We've got a process that's importing a 7gig / 334 million row data file. The data file is sorted on the first column
The process is built on the "import first, index later" methodology. It uses BCP.
As written, it takes about 23 minutes to load the data, and about 45 minutes to create 2 indexes on the 334 million rows.
I tried the following things to speed things up: Add TABLOCK hint to bcp - cuts the load to 15 minutes Use BULK INSERT w/ TABLOCK hint - cuts the load to 10 minutes.

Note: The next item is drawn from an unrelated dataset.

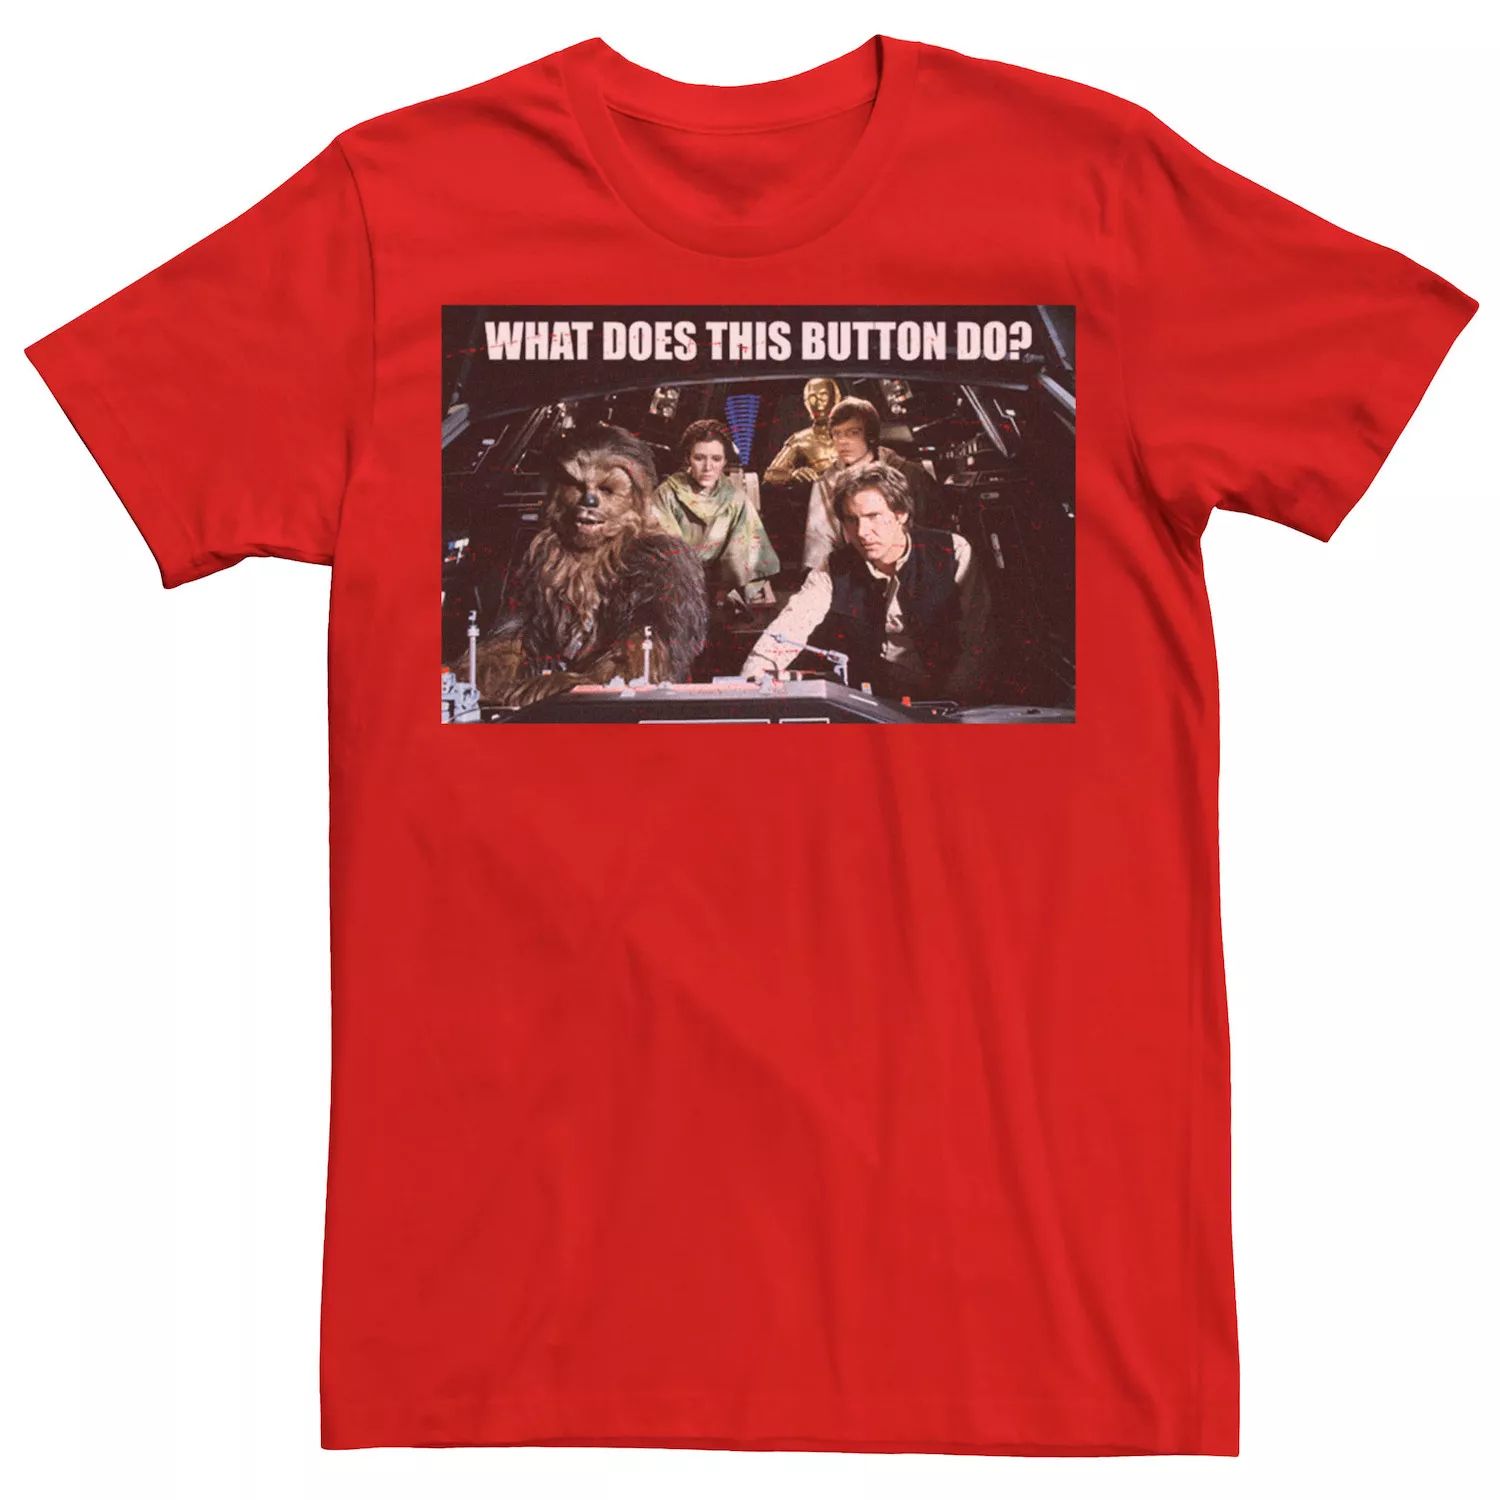 Мужская футболка «Звездные войны: что делает эту пуговицу», Красная Star Wars, красный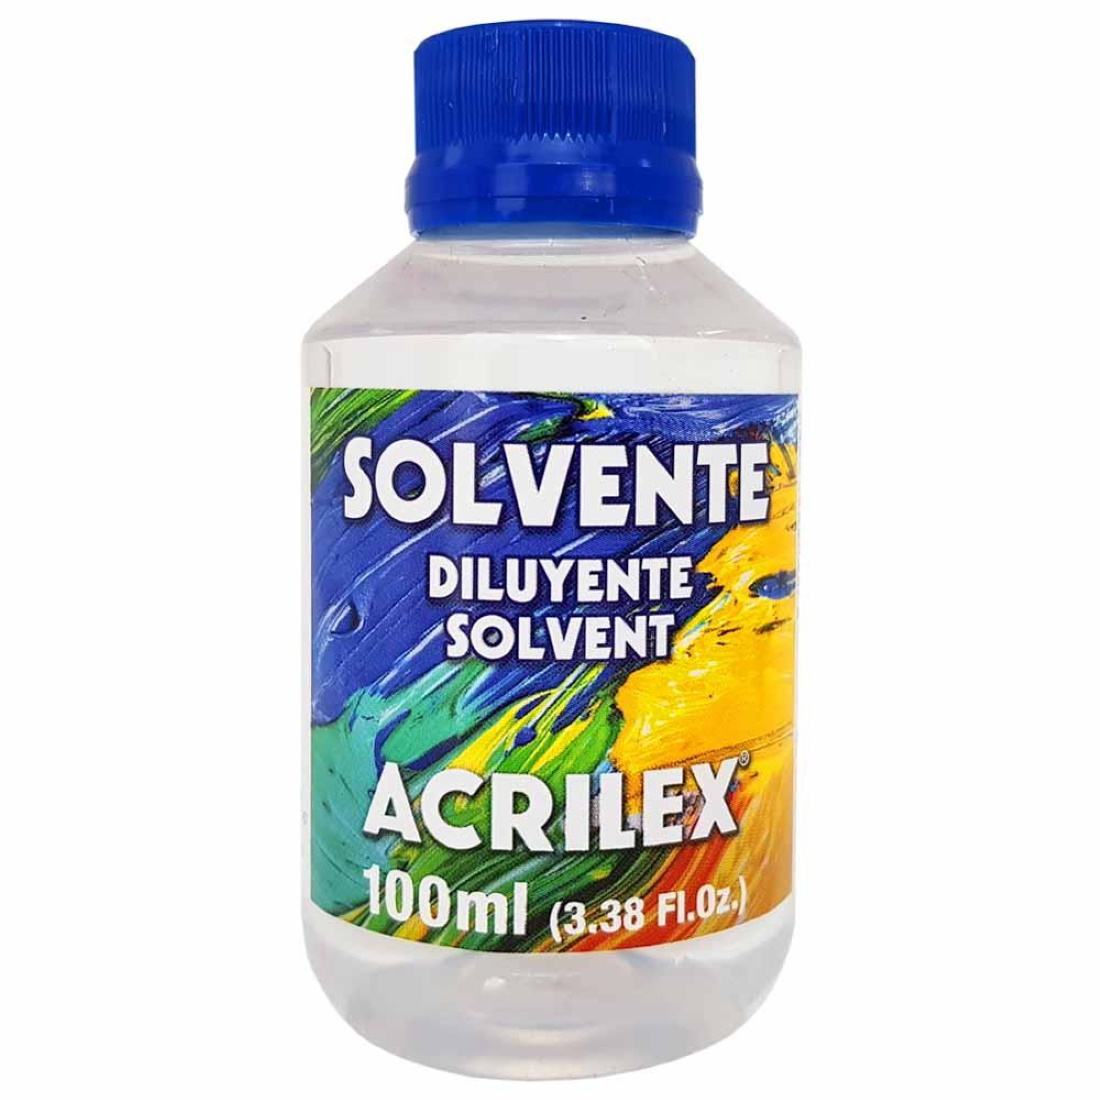 Solvente Acrilex

All the above are with a batch size of 5000
The thing that puzzled me is that I tried to leverage the sorted order of the input to get some of the work done up front. I added a clustered primary key on the file sort order and added an ORDER() hint on both the bcp and BULK INSERT loads - and I got only minimal to no gains.
When I was building that index separately it was about 22.5 minutes.
Adding the ORDER() hint with a clustered primary key declared at the beginning just moved that 22.5 minutes to the load instead of an after step.
Shouldn't the sorted nature of the file have produced some more efficiencies?
EDIT: I added trace flag 610 the BULK INSERT statement after noticing the line in the performance guide about BATCHSIZE != 0 would only be minimally logged for the first batch.
Loading with a clustered primary key to an empty table with BATCH=5000,TABLOCK,ORDER(1) and trace flag 610 took 19 minutes, compared to (10 + 22.5) for loading and indexing separately.
So that was a nice improvement but not "similar performance" as the performance guide indicated.